THE SIMPSON VERDICTS : Fuhrman Country Unsettled by Trial : Police: Some L.A. officers who retired to rural Idaho haven support the verdict. But race has become a troubling issue.
SANDPOINT, Ida. — In a neighborhood of red-and-gold autumn foliage, closecropped lawns and squirrels darting across the sidewalks, Mark Fuhrman’s house stands in anonymous, small-town splendor, ringed by a white picket fence, a brick chimney standing out against the neatly painted white frame, a soccer ball tossed carelessly in the yard.
The only difference between the former Los Angeles police detective’s house and a dozen others up and down the street is the snarling, mixed-breed dog pacing up and down the yard and the sheets of newspaper taped over the windows.
Presently, a pickup truck load of young men barrels down the quiet street, one of its occupants defiantly crunching a beer can with his teeth for the benefit of half a dozen reporters waiting outside Fuhrman’s house in the wake of the O.J. Simpson verdict. Fuhrman is not to be seen. A neighbor says he has gone hunting in Wyoming.
In this scenic quarter of northern Idaho, where dozens of Los Angeles police officers like Fuhrman have retired to gentler lives, the Simpson case has injected itself into the region’s already troubling stew of racial politics and reminded the former Los Angeles lawmen of the more troubled world they left behind.
“People keep asking why we came up here. No traffic. No smog. No crime. What else do you need?” said Bob Inge, a retired Los Angeles County sheriff’s deputy who lives in Sandpoint. “You can go back to living in a place where you don’t have to look over your shoulder anymore.”

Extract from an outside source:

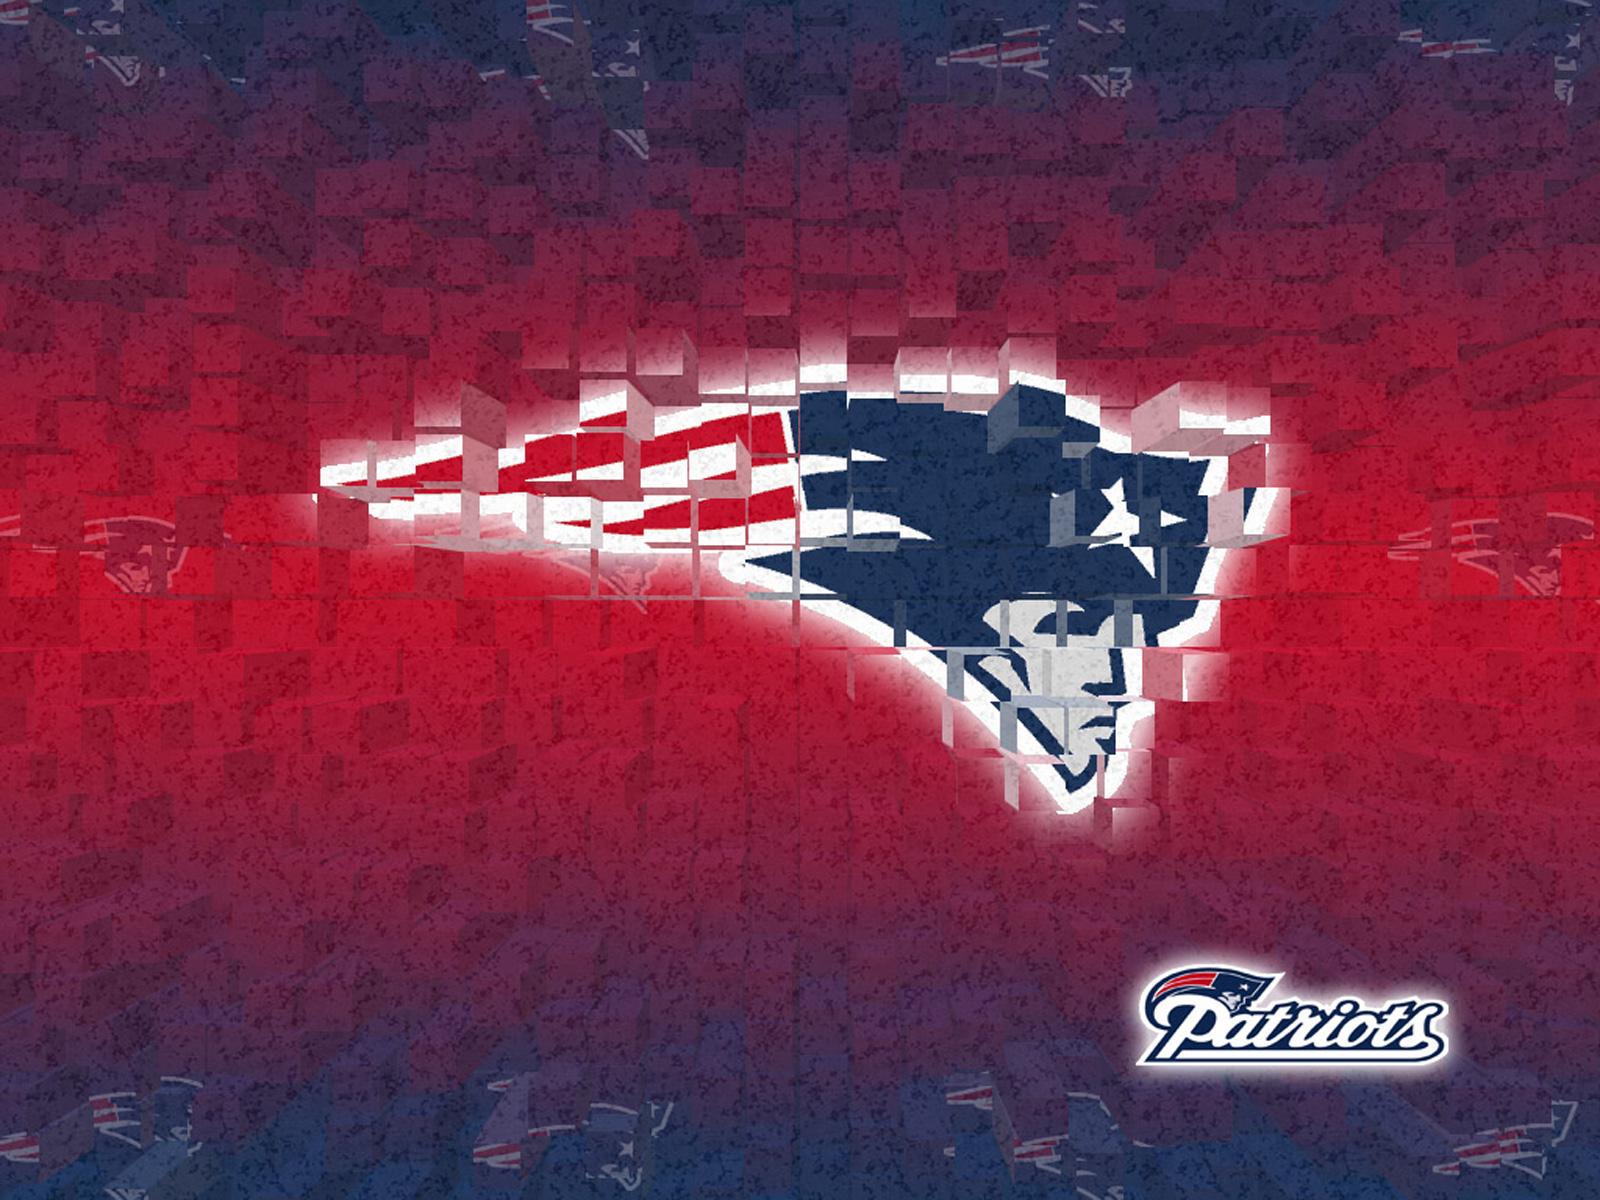 New England Patriots wallpaper 1600x1200 56514 1600x1200

Yet Fuhrman’s decision to buy a house here earlier this year, and his emergence as the central figure in the O.J. Simpson defense strategy, has brought the turmoil of Los Angeles quite painfully to this quiet town on the edge of Lake Pend Oreille. The defense’s allegations that Fuhrman was a racist who tried to frame Simpson has forced the community, again and again, to confront allegations that it is a haven for white separatists.
Indeed, Tuesday’s acquittal was greeted with both suspicion and delight by some of the white separatist organizations that have found homes in Sandpoint and the rolling, pine-studded hills around it.
“O.J. Simian did great. He got rid of a Jew and a race traitor,” said the Rev. Gerald Gruidl of the Aryan Nations, a white supremacist organization headquartered south of Sandpoint in Hayden Lake. He was referring to the murder victims, Ronald Lyle Goldman, who was Jewish, and Nicole Brown Simpson, who had earned the wrath of separatist organizations by marrying outside her race.
At the American Promise Ministries in Sandpoint, which preaches the message that members of the white race are the only true descendants of Abraham, Isaac and Jacob, the Rev. David Barley said the verdict reflected the black majority on the jury.
“I love my race. I support my race. And I would say in the O.J. case the jury was doing just that--’We support our brother and we’re going to stand by him,’ ” said Barley. He said Nicole Simpson may have brought on her own death “by her own destructive lifestyle, to become a victim of her own ways . . . if you believe that God controls the affairs of the world.”
Yet while northern Idaho is a haven for separatists, most Sandpoint residents emphasize that groups like the Aryan Nations are a distinct minority. Most of the ex-Los Angeles officers here seemed troubled by Fuhrman’s racist remarks, and a surprising number had no criticism for the jury’s acquittal.
“I think the verdict was justified, I really do,” said one officer, who asked not to be identified. “Everything I saw the prosecution present, as far as I’m concerned, was circumstantial evidence, and in 22 years of law enforcement, I’ve never been able to convict somebody on circumstantial evidence.”
“I don’t think he did it,” the officer went on, “and as far as the Police Department goes, I think they need to take a serious look at themselves. When you have an officer who gets back up on the stand and takes the 5th Amendment, he might as well hang a sign around his neck and say, ‘I lied.’ He was a disgrace to me in terms of my profession, what I represent.”
Yet Kelly Willoth, a former LAPD officer who joined the police force in nearby Post Falls to “get out of the hustle-bustle” of Los Angeles, said Fuhrman was simply doing his job.
“I think the whole thing is pretty sick,” she said. “They had a lot of evidence against him. It’s clear to me those people that live out there, they blame the department for a lot, and it showed. They had good DNA evidence, and nobody seemed to care about that. There’s this feeling that everybody has about the LAPD, that they’re dirty, they’re corrupt.”